Concealing Information From Overseers
The leaked documents also revealed that NSA analysts had been instructed to provide only brief, minimal explanations when recording the justification for targeting foreign nationals — using short sentences and avoiding “extraneous information” in reports submitted to oversight bodies. DeLong characterized this as an efficiency measure, claiming it allowed the Justice Department and the Office of the Director of National Intelligence to scan lists of targets more quickly.
This explanation strained credibility. Oversight bodies exist precisely to evaluate whether surveillance targeting is appropriate and legally justified. Encouraging analysts to strip detail from their justifications — regardless of the stated rationale — reduced the ability of overseers to perform meaningful scrutiny. Whether the intent was efficiency or obfuscation, the practical effect was the same: less information flowing to the institutions responsible for holding the NSA accountable.
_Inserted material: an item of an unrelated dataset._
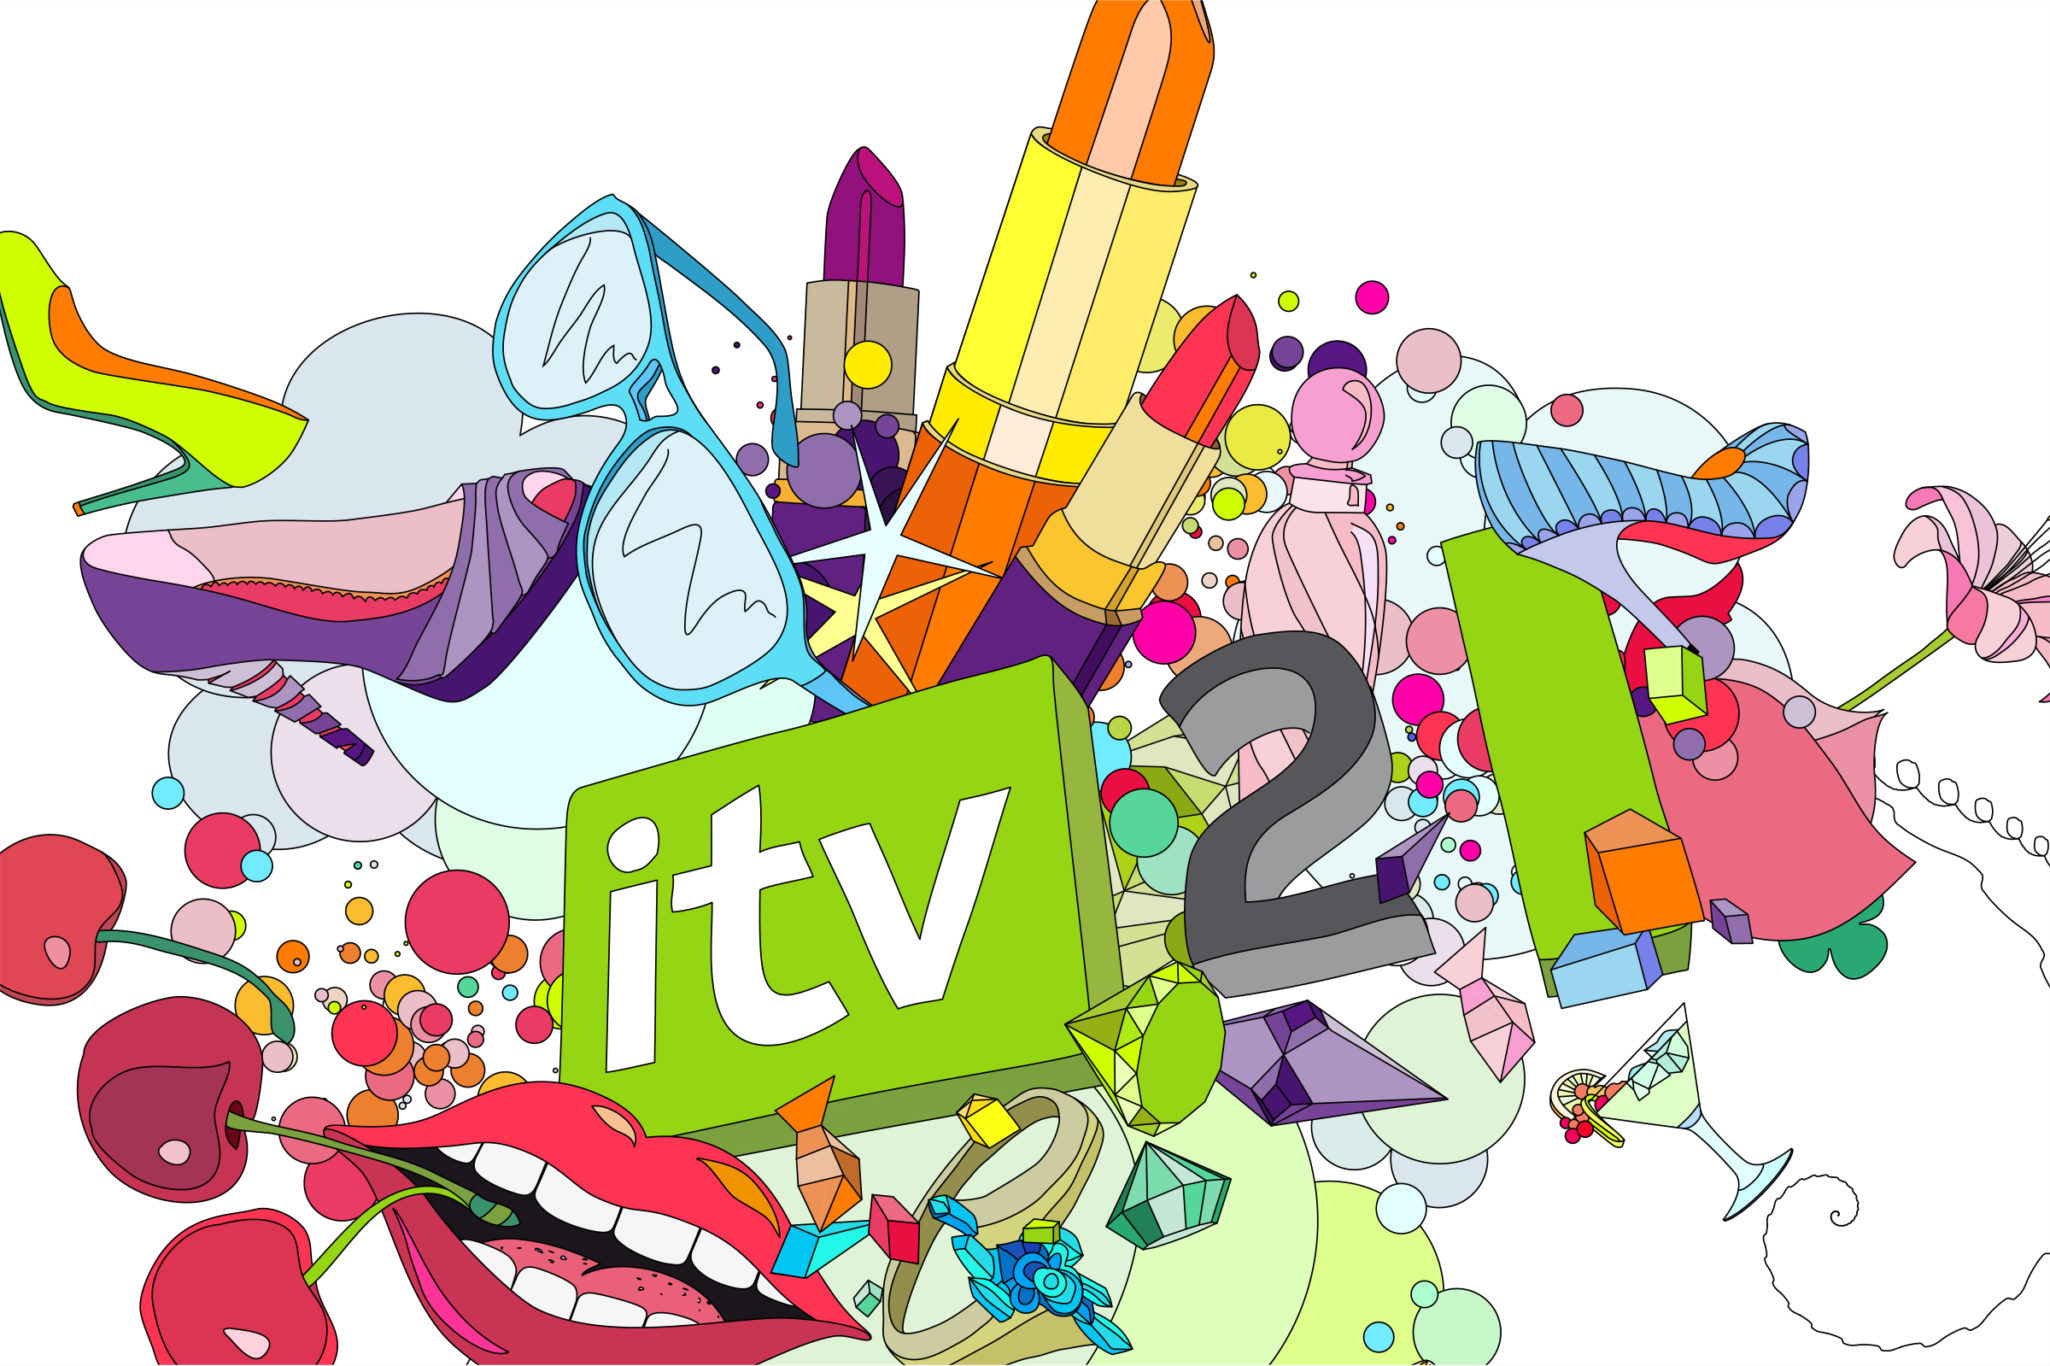 Glitter Litter:Vector illustration for ITV 2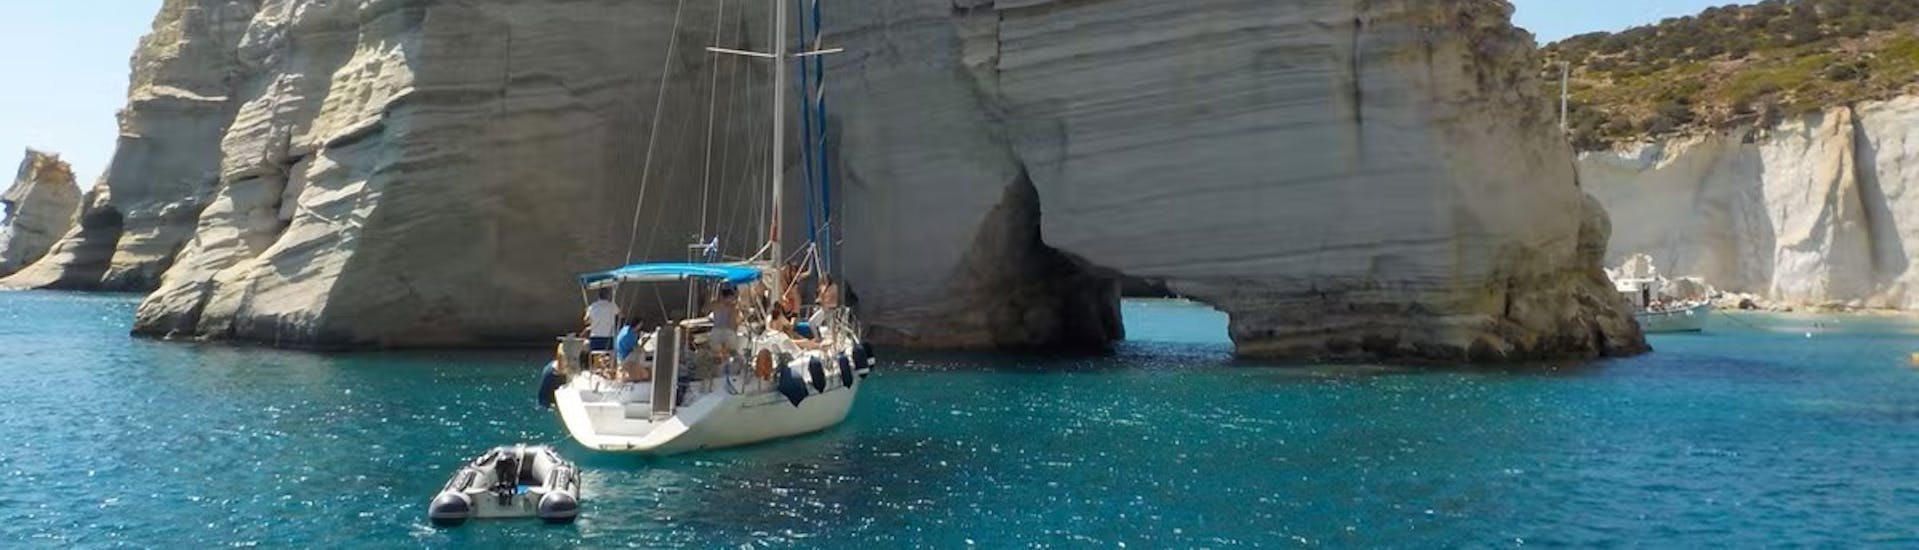 Gita in barca a vela intorno a Milos e Polyaigos con pranzo.

Compounding the concern, the Washington Post reported that the internal audit had not been shared with the Senate Intelligence Committee. DeLong described it as an internal document used to generate other reports for external overseers, implying that the committee received equivalent information through different channels. Senator Dianne Feinstein, the committee’s chairwoman, offered a more measured assessment, acknowledging that the committee did not receive the same level of detail about overseas surveillance problems and stating that it “can and should do more to independently verify” the NSA’s compliance reporting.
Institutional Accountability and the Trust Deficit
The NSA’s response to the audit revelations illustrated a pattern that had become familiar in the months since the Snowden disclosures began. Rather than acknowledging the systemic nature of the compliance failures, the agency sought to reframe them as isolated, manageable incidents within an otherwise well-functioning system. This approach required the public to accept that an organization conducting mass surveillance in secret, with limited external oversight and a documented history of withholding information from its overseers, could be trusted to police itself.
For many observers, the trust deficit was too large to bridge with statistics and reassurances. The audit had documented not just errors but a culture in which those errors were systematically minimized in external reporting, in which oversight bodies received sanitized information, and in which the agency made unilateral decisions about what its overseers needed to know. Describing these patterns as evidence of a “robust” compliance program required a definition of robustness that most people outside the intelligence community would not recognize.
The Deeper Question of Scale
Beneath the debate over error rates and compliance mechanisms lay a more fundamental question that the NSA’s defenders consistently avoided: whether mass surveillance on this scale was compatible with meaningful privacy protections in the first place. A system that generated 20 million database queries per month and intercepted communications from millions of people worldwide would inevitably produce thousands of violations, no matter how diligent its compliance staff. The errors were not bugs in an otherwise sound system — they were an inherent feature of surveillance conducted at industrial scale.
By framing the discussion in terms of error rates and corrective measures, the NSA and its congressional allies were implicitly asking the public to accept that some level of unauthorized surveillance of Americans was an acceptable cost of the broader intelligence mission. Whether that trade-off was justified remained the central unanswered question of the post-Snowden debate — one that no compliance audit, however thorough, could resolve.